I do understand what is going on

No you don't, you demonstrated that repeatedly.

and I'm about to destroy your model and your gross misunderstanding of physics.

Actually you're about to give everyone a very big belly laugh. I suggest you give up the physics, which you have already admitted numerous times that you're not an expert in, and instead take up comedy. Trust me, you'd be a total hit on the University tours. You'd have them rolling in the aisles.

Here is your model

[qimg]http://www.internationalskeptics.com/forums/picture.php?albumid=1203&pictureid=10663[/qimg]

Well at least you get one thing correct.

F+ and F- are unnecessary.

Incorrect.

Your claim is,

Wrong. Wrong. Wrong.

Usually one gloats after getting things right, not right before making a fool of themselves, but....

What you should have said is that G+ = N-.

Ummm... No I shouldn't have. You see Forces are Vectors and thus have both a magnitude and a direction. G+ and N- may have the same magnitude, but their directions are different, thus they are not equal anymore then 1 is equal to -1. G+ and N+ are equal in magnitude and force, in this particular example.

Your claim that G+ = N- is simply incorrect.

If you wanted to take it to an unnecessary level, you could add the absolutely negligible magnitudes of the forces of G- and N+. Those forces are so minute, they are irrelevant when discussing macro physics and the collapse of 110 story buildings.

I have to say that this is where I got the biggest laugh. In accordance to Newton's 3rd Law, the magnitude of G- = the magnitude of G+, and the magnitude of N+ = the magnitude of N-. Since we also know that the magnitude of G+ = the magnitude of N+ for this model, all four forces, G+, G-, N+, and N- all have the exact same magnitude.

Thus if, as you claim, "Those forces are so minute, they are irrelevant when discussing macro physics and the collapse of 110 story buildings." then so are G+, and N-, so you are claiming that the Gravitational forces on the building are so minute that they are irrelevant when discussing macro physics and the collapse. Seriously, you are way out of your depth here.

Your claim is that the earth exerts a gravitational force on the building pulling it downwards. That part is correct. You then claim that the building exerts a gravitational force on the earth, with the exact same magnitude but the opposite direction. That last part is absolutely wrong. It is massive error in understanding what is actually happening.

You really are showing off your total ignorance in this matter, you should stop embarrassing yourself and try and learn what you are being taught by people instead of doubling down and making it worse.

The Gravitational Force that an object with mass M1 applies to an object with mass M2 when at a distance of R between each object's CoM is....

FG = GM1M2/R2
As you can see, it doesn't matter if we are looking at the Earth being M1 and the Building M2, or the Building being M1 and the Earth M2, the result is exactly the same. The building applies the exact same gravitational force on the Earth that the Earth applies on the building. Newton agrees.

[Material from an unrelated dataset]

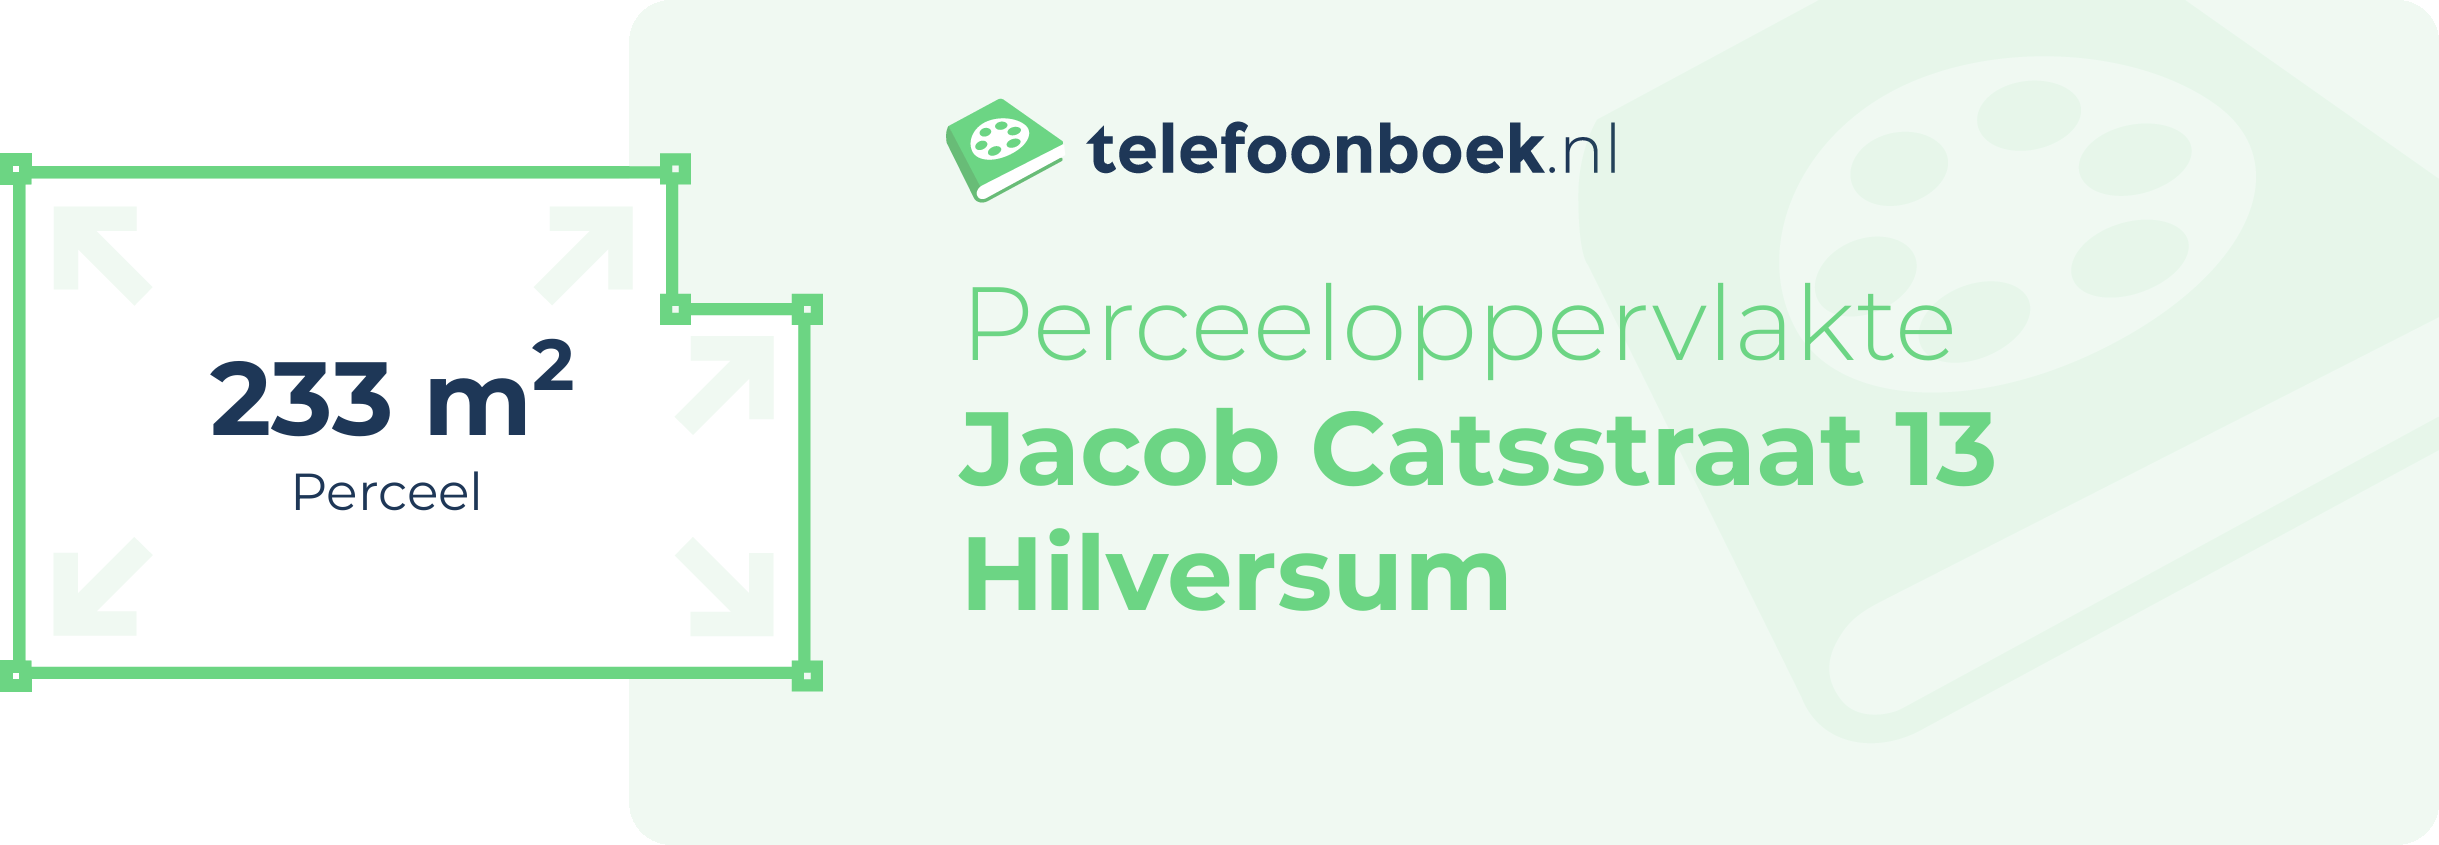 Perceeloppervlakte Jacob Catsstraat 13 Hilversum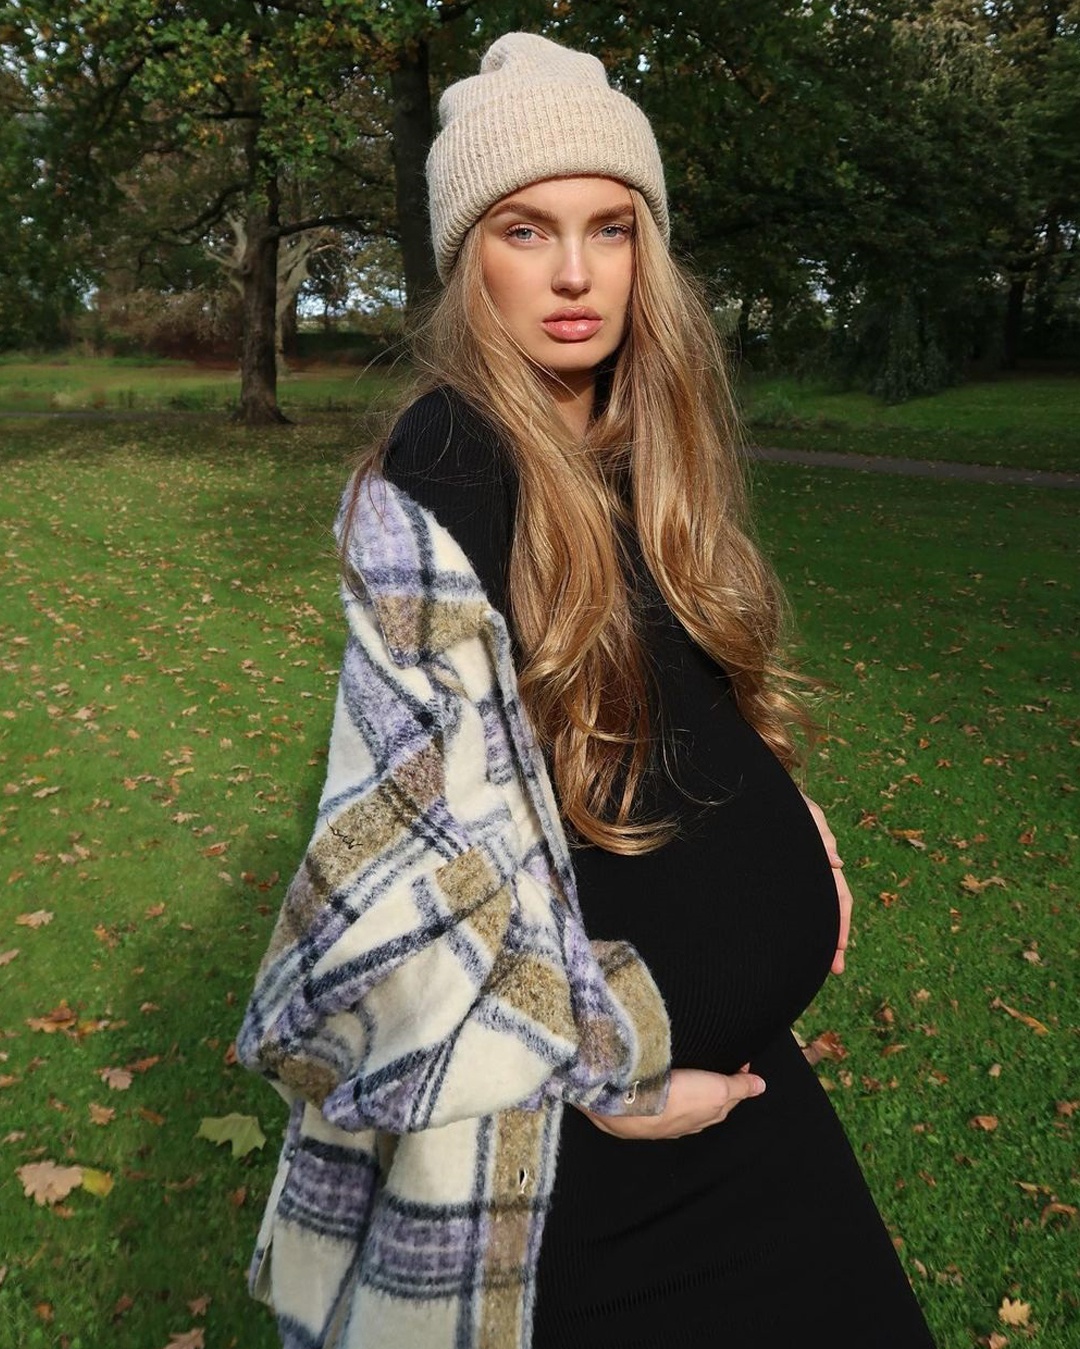 Dù mang thai, Romee Strijd vẫn chuộng những mẫu đầm ôm body. Nữ người mẫu gốc Hà Lan thích chất liệu thun co giãn, mát mẻ dù là đồ đông hay hè.

Yet again you prove that it is possible to use Google and spectacularly fail to understand the results you get.

Not one of those credible sources has a model that confirms your model is correct. Not one. What is the only logical conclusion? The only logical conclusion is that the credible sources prove that your model, and your understanding of physics, is wrong.

Okay, let me try and help you understand. These links are only dealing with the forces N+, and N- in the model I gave you. Why? Because they are dealing solely with the Weight/Normal Force pairing, that is the Weight (N+) and the Normal Force (N-). Since none of then are dealing with the Gravitational Attraction the diagrams they use are truncated to not include it. In fact the diagrams you show are actually virtually identical to mine, other then that they are missing Gravitational Attraction because it's outside the scope of their lesson.

This is what I keep telling you, you can Google stuff, but because you fail to understand what it is you are Googling you make incorrect assumptions.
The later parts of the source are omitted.